A New York Times investigation reveals the disturbing truth behind those cheapo manicures.
Before your next mani-pedi, read this Photo, Romina Campos/Flickr.

In interviews with more than 150 nail-salon workers and owners, conducted across four languages and the better part of a year, the New York Times has confirmed a long-held, disturbing suspicion: dirt-cheap manicures and pedicures carry an astronomical human price. Sarah Maslin Nir’s two-part series — the first on labour conditions in nail salons, the second on health consequences for the women who work there — published yesterday and today, and it is a difficult but necessary read. (The series has been also translated online into Korean, Chinese and Spanish for non-English readers.)

Many of the women Nir spoke to live in squalid apartments in Flushing, Queens, with up to a dozen other people — their only option on starting wages that dip as low as $10 a day. A brutal caste system governs the salons, where workers routinely put in 12-hour shifts, six or even seven days a week. Spending so much time inhaling polishes, removers, chemicals and solvents has devastating implications for a woman’s health, with widespread reports of cancer, lung diseases, birth defects and miscarriages. One manicurist who had used files and emollients for nearly two decades found, once it came time to take her fingerprints for her U.S. citizenship, that those prints were almost entirely gone. (They had to be taken seven times.) Nearly everyone interviewed for the series is in the States illegally and has limited English — a situation that leaves them both tremendously vulnerable and disinclined to complain.

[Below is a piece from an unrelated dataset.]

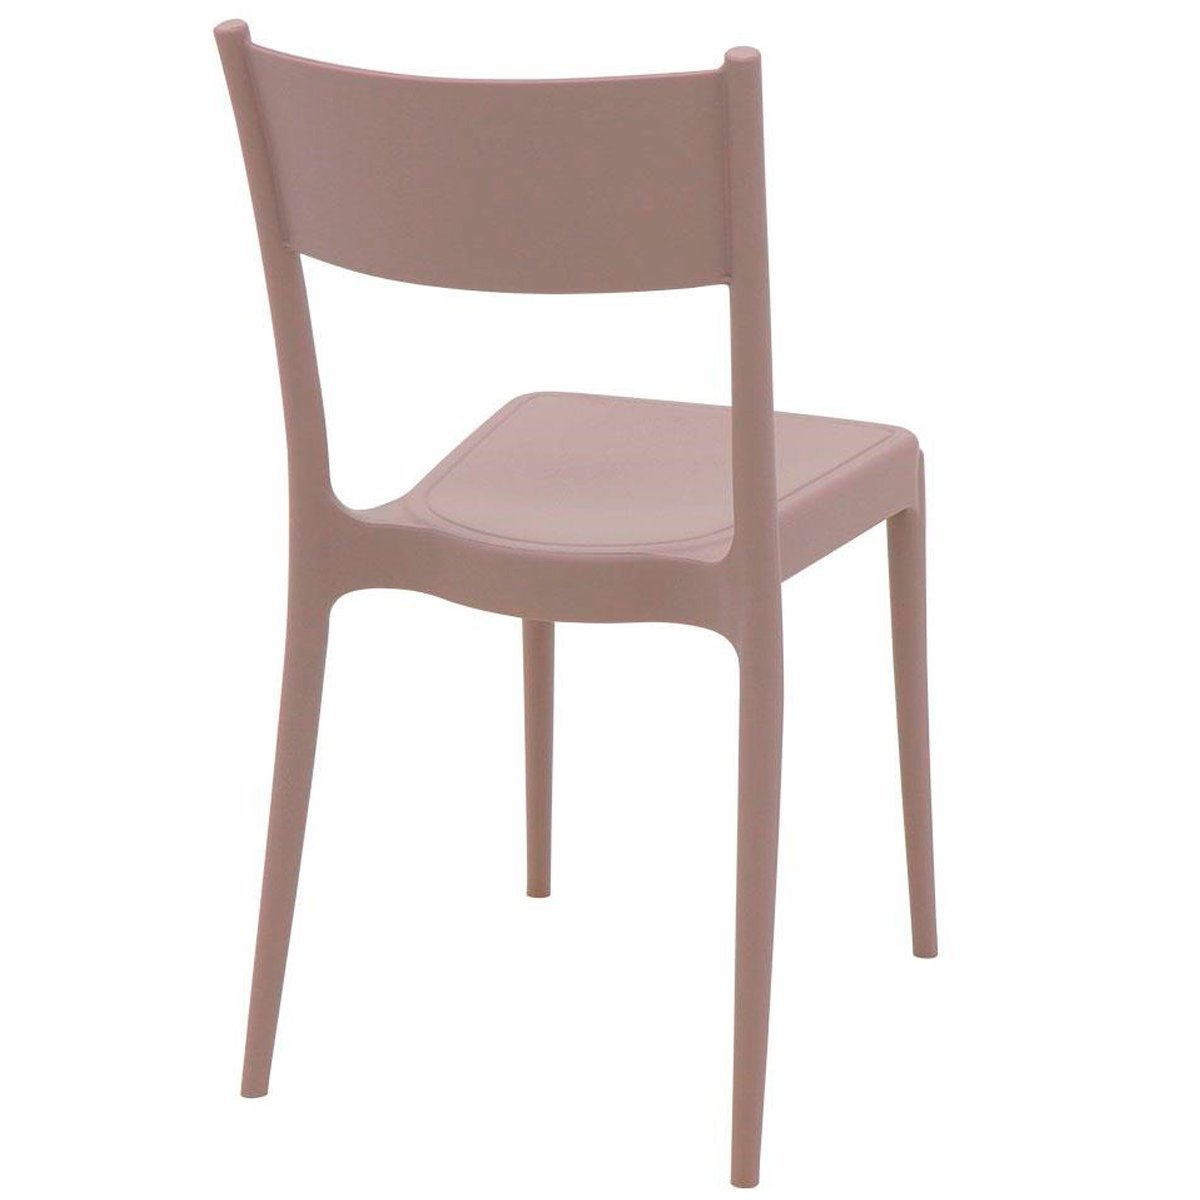 Conjunto 4 Cadeiras de Polipropileno e Fibra de Vidro Summa Eco Diana - Tramontina - Camurça 92030/4 - 2

In New York, where there are twice as many nail salons per capita as in San Francisco or L.A., manicure prices hover around half the national average. Still, though the industry may be especially wretched in Manhattan, this is by no means a problem confined to that city. The less a manicure costs — including here, in Canada — the more likely it is that workers don’t receive the wages they are due. But we knew that already.